The Health Caucus urges all governments to take a human rights-based approach to raising the standard of health for women. We urge you to:

  1. Ensure that all women, irrespective of age, ethnicity, religious and cultural background, sexual orientation or geographic location, have access to good quality, comprehensive physical and mental health services, including prevention, treatment, and rehabilitation programs. Ensure health services are acceptable, accessible, affordable, and appropriate to the needs of women.
  2. Increase resources for women’s health services to achieve the above results. Provide financial and other forms of support for unwaged care-givers. Acknowledge that unpaid women provide more health services than all health industries combined.
  3. Provide institutional mechanisms for women to participate fully and equally in decision-making.
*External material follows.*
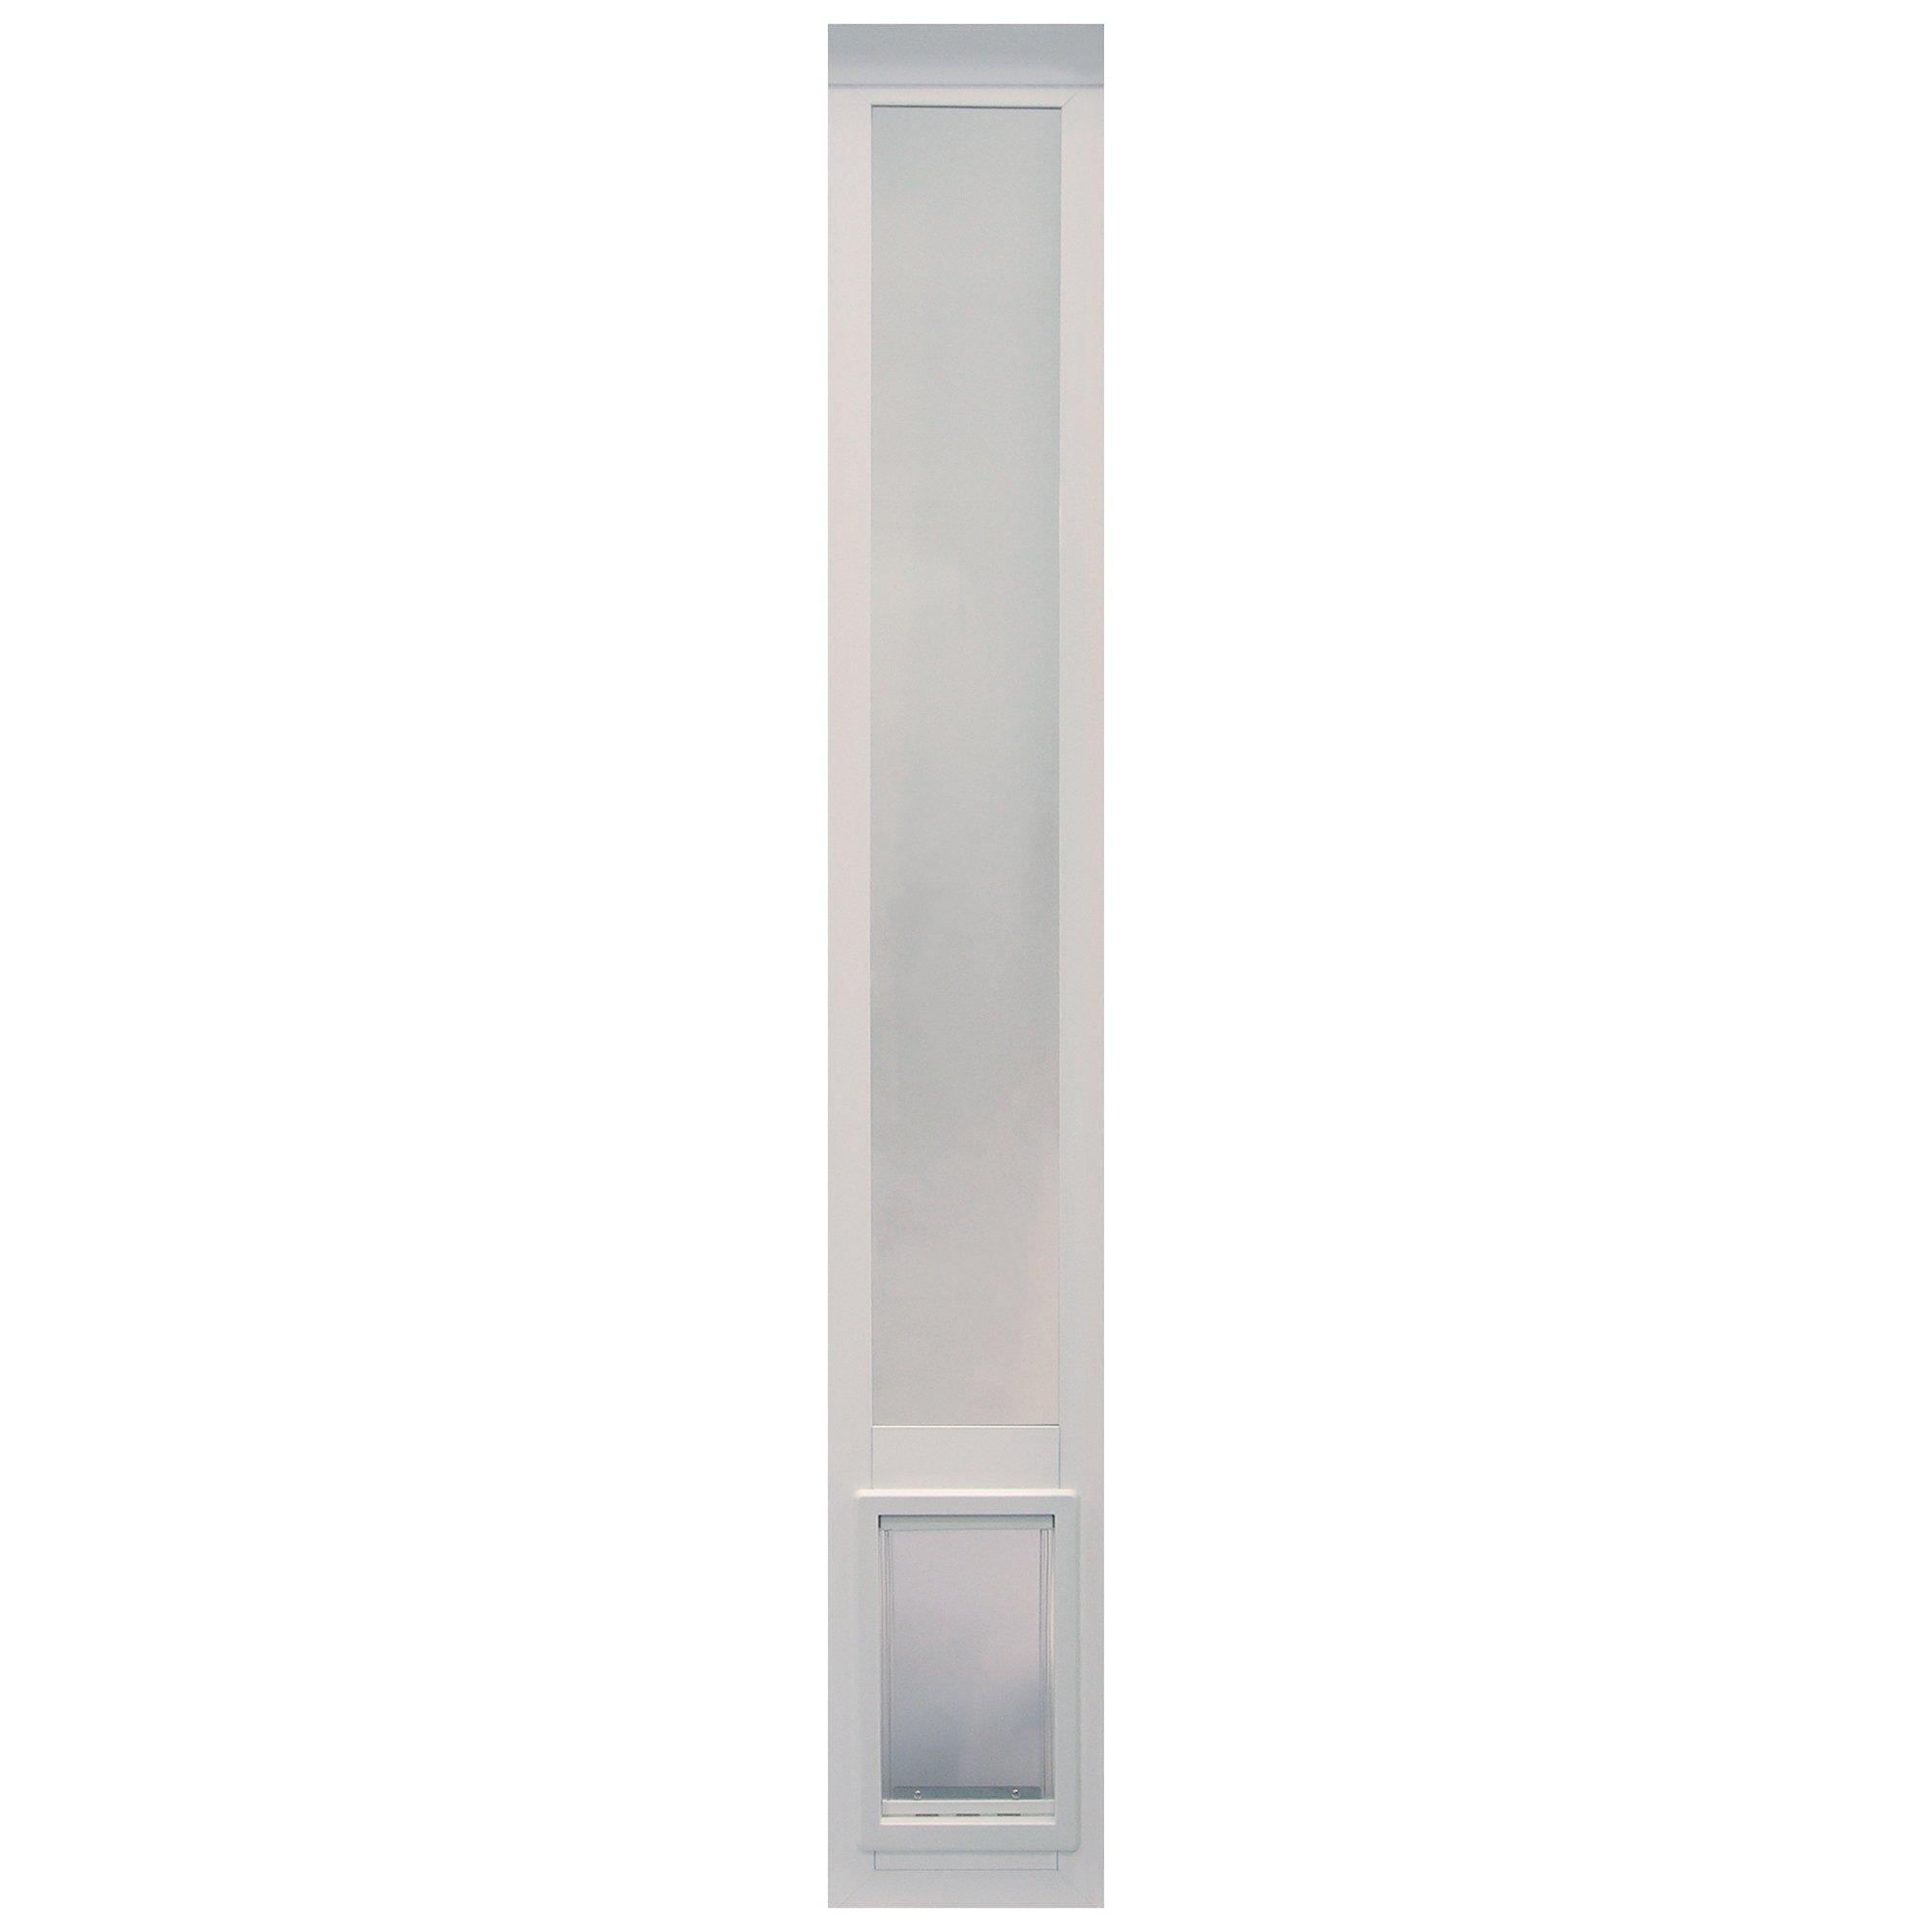 "Ideal Pet Products Non Insulated Vinyl Pet Patio Door, White, Medium, 6 5/8"" x 11 1/4"" Flap Size"

Provide ongoing training and education for women, from basic literacy to higher education, including health education at all levels of the community.
  4. Implement affirmative action measures to increase the number of women and to ensure equal participation of women in policy-making, research, planning, implementation, and evaluation.
  5. Ensure access to adequate nutrition and safe food, clean water, clean air, sanitation, and shelter for all women, and educate women in the inter-relationships of environment and health. Recognize that living conditions to support good health involve far more than simply having access to health care.
  6. Establish a social pact between governments and all interested parties to guarantee a package of essential services to cover the health care of all women and girls, particularly the marginalized indigenous, poor, elderly and disabled.
  7. Educate all health personnel in human rights and ethics. Ensure that they treat women with respect, dignity, privacy, and confidentiality and provide nonjudgemental care that is free of coercion, discrimination, threat, and violence.
  8. Ensure women’s rights to make fully informed decisions regarding health status, prevention and treatment options, and their ramifications.
  9. Ensure women’s rights to make fully informed choices about infant nutrition and breastfeeding. Ensure that the International Labour Organization (ILO) Maternity Protection Convention (103) and Recommendation (95) are revised at the ILO Conference in June 2000 in ways that strengthen entitlements for women at work. Implement the International Code of Marketing of Breast Milk Substitutes.
  10. Ensure that economic and health reforms, trade agreements and structural adjustment policies fully protect the provision of health, education, and social services. Redirect an amount equivalent to at least 5% of military expenditures annually to women’s health services. Ensure that health sector reforms enhance women’s health and increase their access to safe and affordable health services.
  11. Put public health before commercial interests, for example, in trade agreements. Ensure equal access to essential drugs and medical supplies. Protect patents to indigenous medicines. Prohibit export of substandard drugs and chemicals such as pesticides to developing countries.
  12. For health workers at all levels, ensure safe working conditions, equal pay for equal work, and gender sensitive training.
  13. Increase medical research on women’s health, yet protect women from unethical medical experimentation, especially poor and marginalized women. Research prevention of and treatment for breast cancer, reproductive cancers, osteoporosis, and other conditions that affect women most.
  14. Increase research on women’s nutrition throughout the life cycle. Develop and strengthen approaches to reduce undernutrition in women and nutritional deficiencies that impact women most, particularly folic acid, iron and iodine.
  15. Recognize the health consequences of gender-related violence.

  16. Disseminate the message that HIV/AIDS may affect everyone and must be dealt with openly.
  17. Provide comprehensive sexual and reproductive health services and programs.

The Health Caucus believes that vigorous implementation of these and similar recommendations will go far in raising the status of women’s health worldwide.